Na vier dagen krijgen we een gesprek met de arts. Er wordt verteld wat de mogelijke complicaties kunnen zijn, de aankomende periode. Dit kan bijvoorbeeld een infectie zijn. Wat betreft de infecties, moeten we het meest bang zijn voor een zogenaamde NEC (infectie in de darm). Hier zijn ze de eerste zes weken bang voor. Bij elke verschoning wordt de buik van Maud uitvoerig gecontroleerd en wordt er gevoeld of haar buikje nog soepel is.
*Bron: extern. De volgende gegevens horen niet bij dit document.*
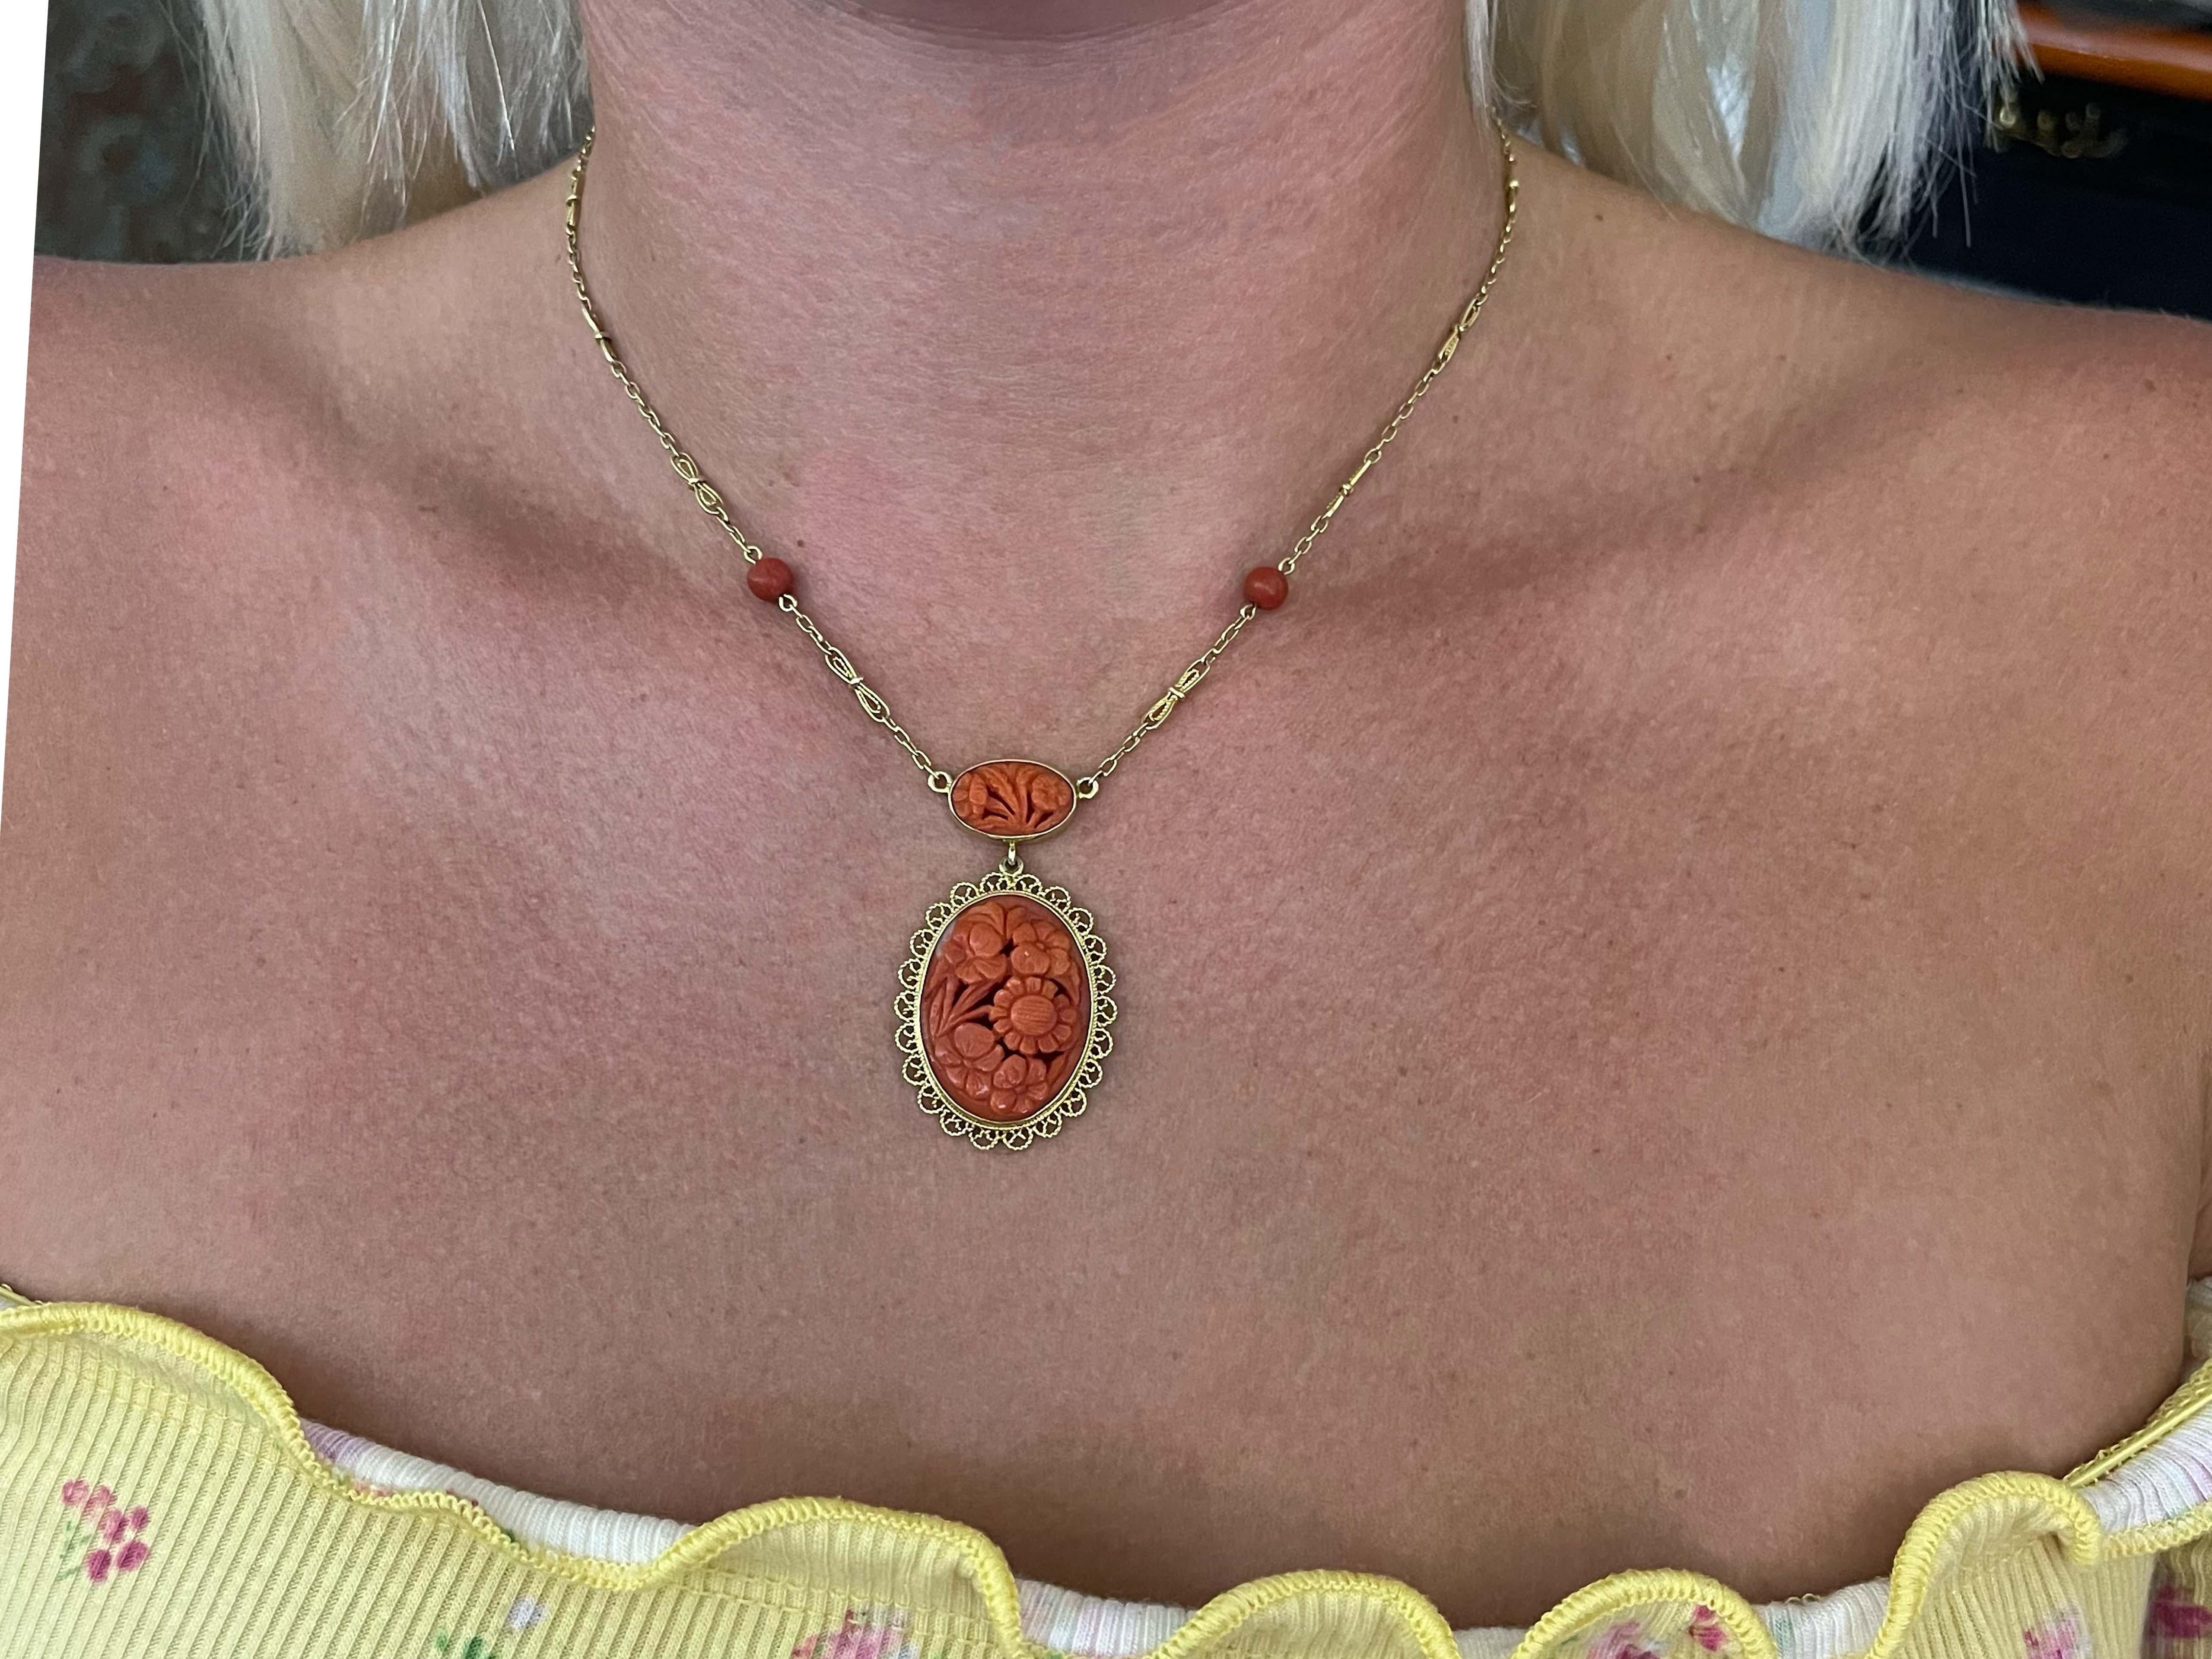 Diese wunderschöne, geschnitzte Halskette aus roter Mittelmeerkoralle stammt aus den 1970er Jahren. Die durchbrochene, geschnitzte rote Koralle zeigt Blumen. Der Anhänger ist ca. 1,75
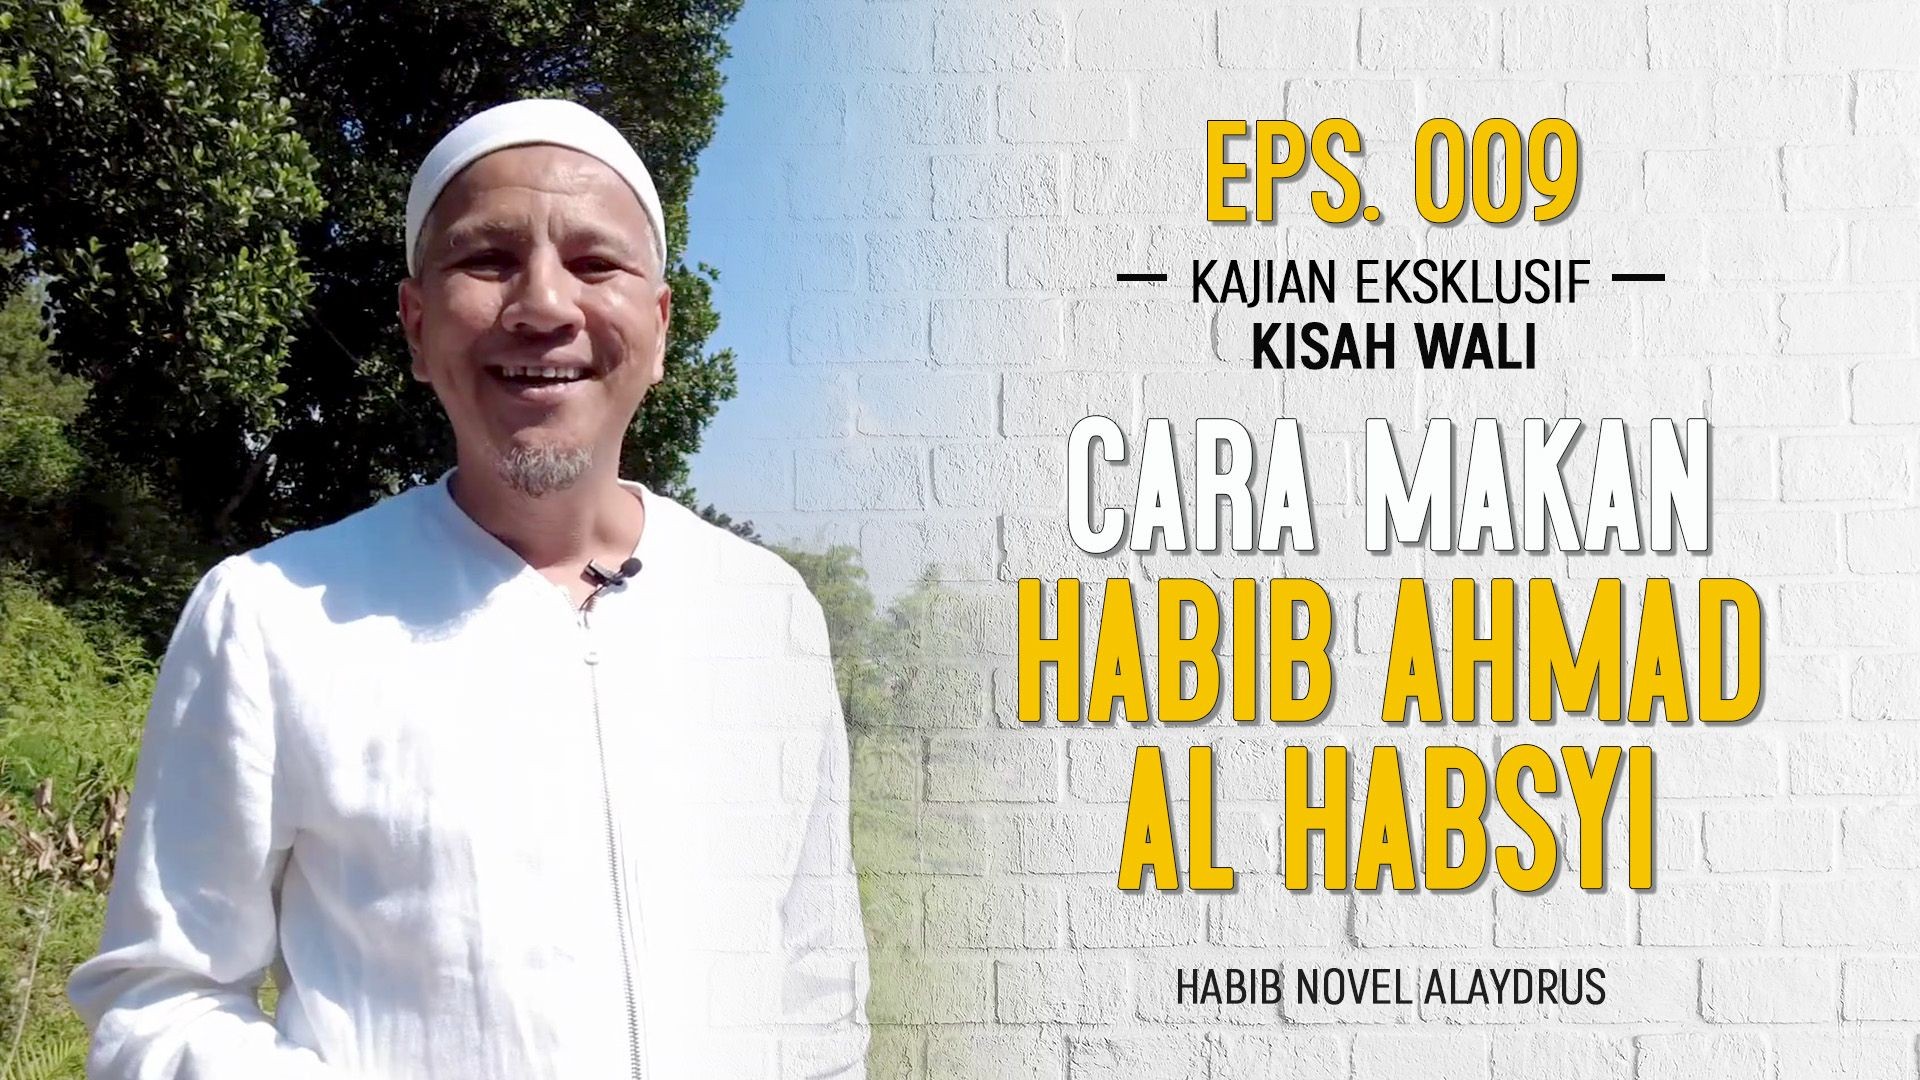 CARA MAKAN HABIB AHMAD AL HABSYI

De arts is erg tevreden over Maud en vertelt dat hij het tot nu toe heel goed vindt gaan, voor een kindje dat met 26 weken en 2 dagen is geboren. Wat een opluchting. Toch voelen we ons heel naar en verdrietig na het gesprek. Alle complicaties die kunnen voorkomen zijn verteld en het zijn toch wel serieuze complicaties. Heel spannend. Ik hoop zo dat dit goed mag blijven gaan!